• gerçekten çok iyi olanları resmen tuzaktır. davul çalmayan biri dinlediğinde göze öyle güzel gelir, her şeyi o kadar kolaymışcasına yaparlar ki hemen bi çift baget alıp başlama isteği uyandırırlar. davul çalan biri dinlediğinde ise elindeki bagetleri istemsizce yere bırakır, hayata küser.

    böyle bi tuzaktır işte, davula başlayıp biraz ilerledikten sonra kilitlenmiş, hiçbir şekilde kendini geliştiremeyeceğini hisseder insan. her şey önceden yapılmış, bütün sınırlar keşfedilmiş insanlar davulla kendilerini her şekilde ifade etmişler sanarsınız. bu noktada genelde davulcular ellerindeki enstrümanı sorgulayıp 2. bir enstrüman öğrenme, melodi üretme arayışına girerler.

    bunları aşıp da davul çalışmaya devam edenler yavaştan iyi davulcu olmaya başlar, yine de gittikçe kendini geliştirmesi daha çok zaman istemeye başlamaktadır. davul öyle bi enstrümandır ki ritm kaçırmayıp müziğe eşlik edebildiğiniz sürece karşıdan dinleyene her zaman güzel gelir, o yüzden müzik piyasası kendini geliştirmeye çok gerek görmemiş vasat davulcularla doludur. gerçekten iyi olanlar parmakla sayılabilirler.
  • türk'se 5/8 lik sevişir.

    (bkz: türk aksağı)
  • en iyi metronoma sahip olması gereken kişi.

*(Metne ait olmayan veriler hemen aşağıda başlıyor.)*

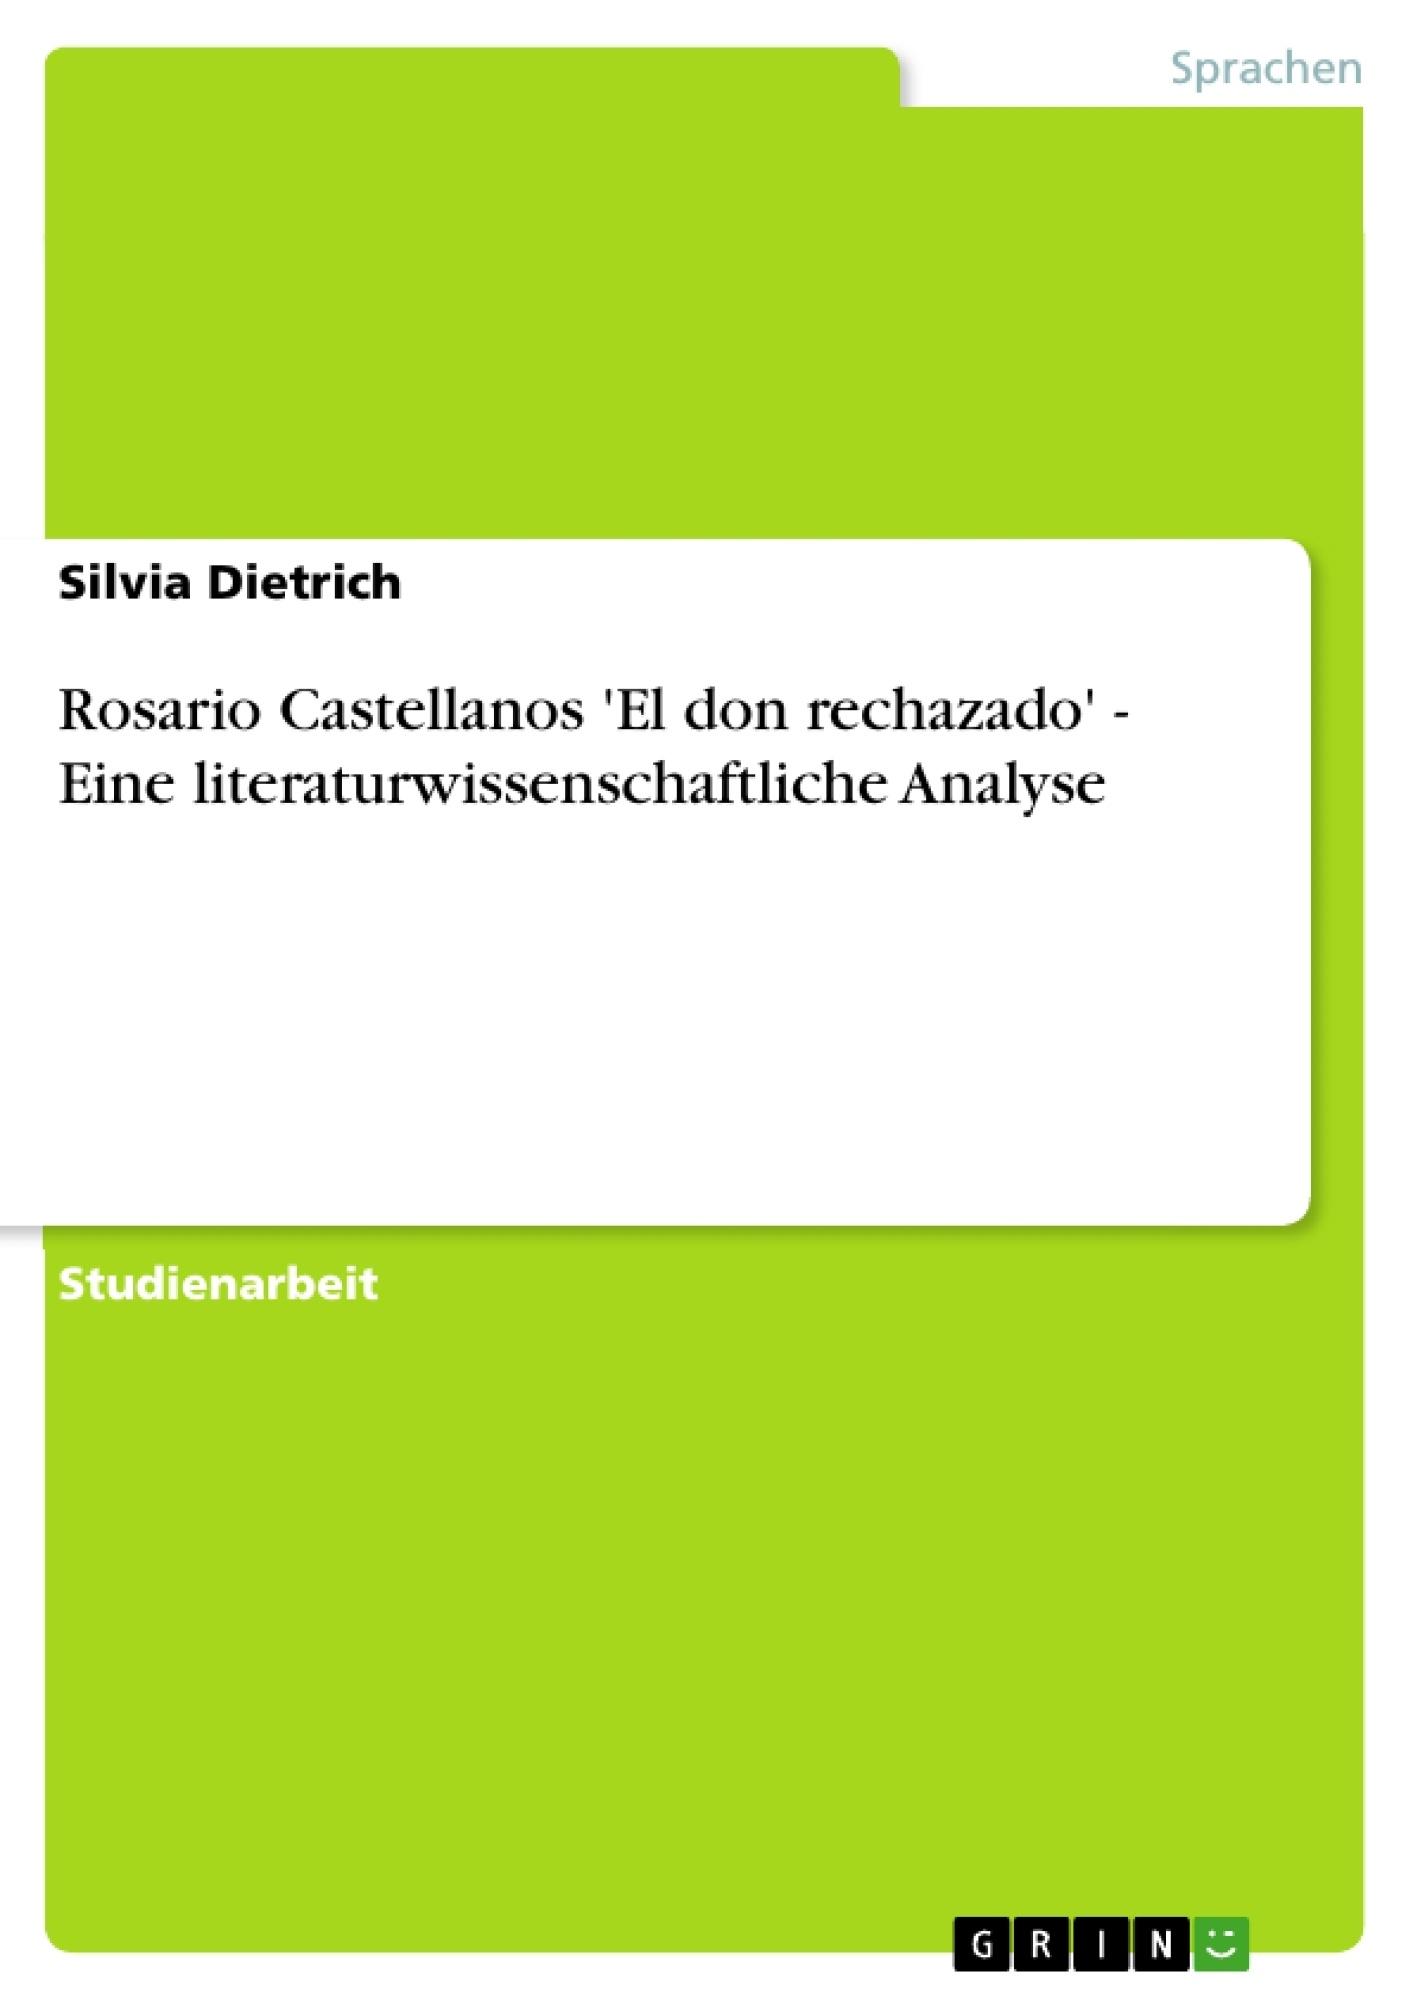 Titel: Rosario Castellanos 'El don rechazado' - Eine literaturwissenschaftliche Analyse

    bir davulcunun ritim duyularının çok gelişmiş olması gerekir. daha da önemlisi yaratıcı olmalıdır. şarkının gidişatına göre en uyumlu ritmi çalmalıdır.

    eğer ki davulcu hatalar yapıp yavaş çalıyorsa bu onun yeteneksiz değil antremansız ve deneyimsiz olduğunu gösterir. şarkının gidişatında ritim düşüşleri yaşıyorsa veya alakasız ritimler çalıyorsa, gerekli esleri yanlış yerde çalıp girmesi gereken kısımlardan 1 ölçü önce ya da sonra giriyorsa ve en önemlisi bunun farkında değilse ya da bir türlü düzeltemiyorsa, ne yazık ki o kişiden davulcu olamaz.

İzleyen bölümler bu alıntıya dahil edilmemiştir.